Habits of highly mathematical people

in #mathematics8 years ago

(This is my first post on steemit, so I'm testing out the service by copying an article I wrote on Medium)

The most common question students have about mathematics is “when will I ever use this?” Many math teachers would probably struggle to give a coherent answer, beyond being very good at following precise directions. They will say “critical thinking” but not much else concrete. Meanwhile, the same teachers must, with a straight face, tell their students that the derivative of arccosine is important. (It goes beyond calculus, in case you were wondering)

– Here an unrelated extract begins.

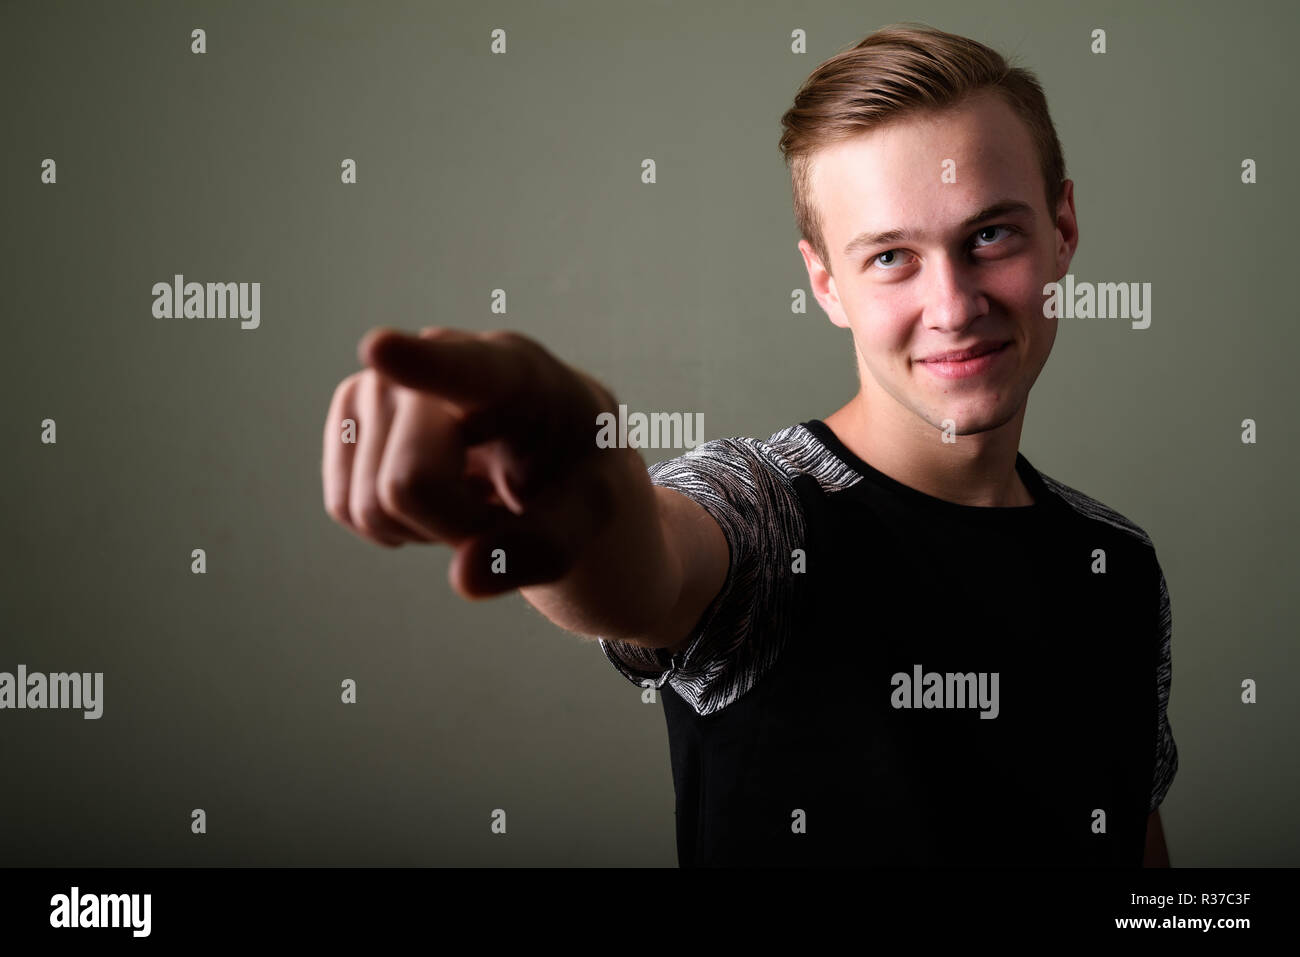 Young handsome man with blond hair against colored background Stock Photo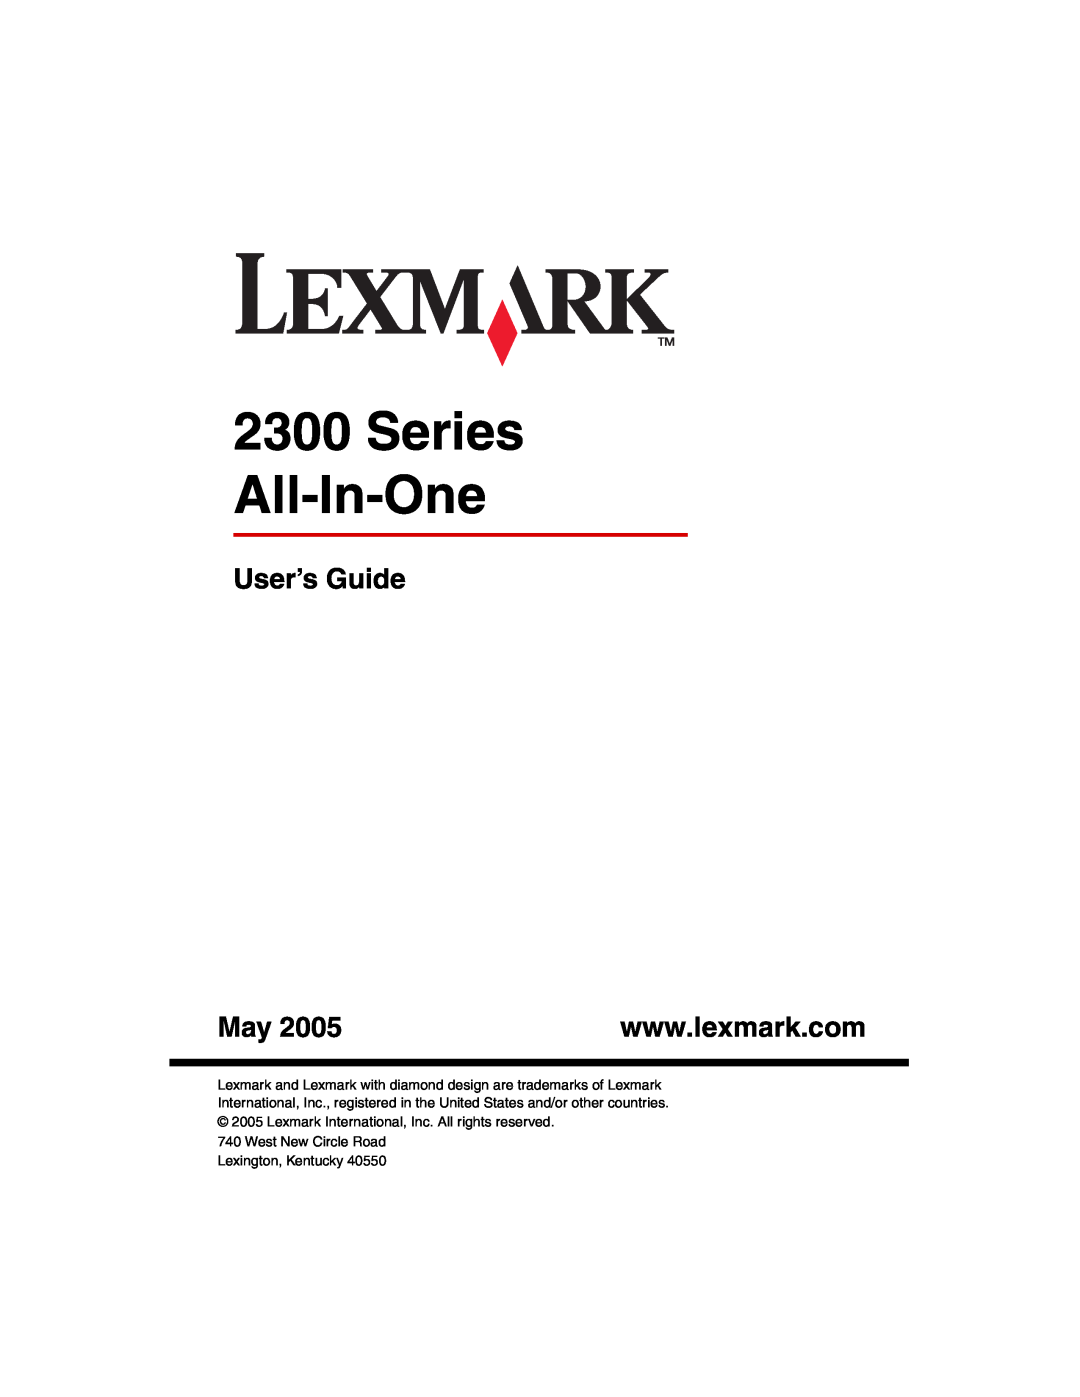 Lexmark X2300 Series manual Series All-In-One, User’s Guide, West New Circle Road Lexington, Kentucky

So here is my list. The concrete, unambiguous skills that students of mathematics, when properly taught, will practice and that will come in handy in their lives outside of mathematics. Some of these are technical, the techniques that mathematicians use every day to reason about complex, multi-faceted problems. Others are social, the kinds of emotional intelligence one needs to succeed in a field where you spend almost all of your time understanding nothing. All of them are studied in their purest form in mathematics. The ones I came up with are,

  1. Discussing definitions
  2. Coming up with counterexamples
  3. Being wrong often and admitting it
  4. Evaluating many possible consequences of a claim
  5. Teasing apart the assumptions underlying an argument
  6. Scaling the ladder of abstraction

Discussing definitions

A primary skill that mathematicians develop is fluidity with definitions. There’s a lot more to this than it sounds at first. What I mean by this is that mathematicians obsess over the best and most useful meaning of every word they
use. Mathematicians need logical precision because they work in the realm of things which can be definitively proven or disproven. And if something can be done “definitively,” it must necessarily be definable.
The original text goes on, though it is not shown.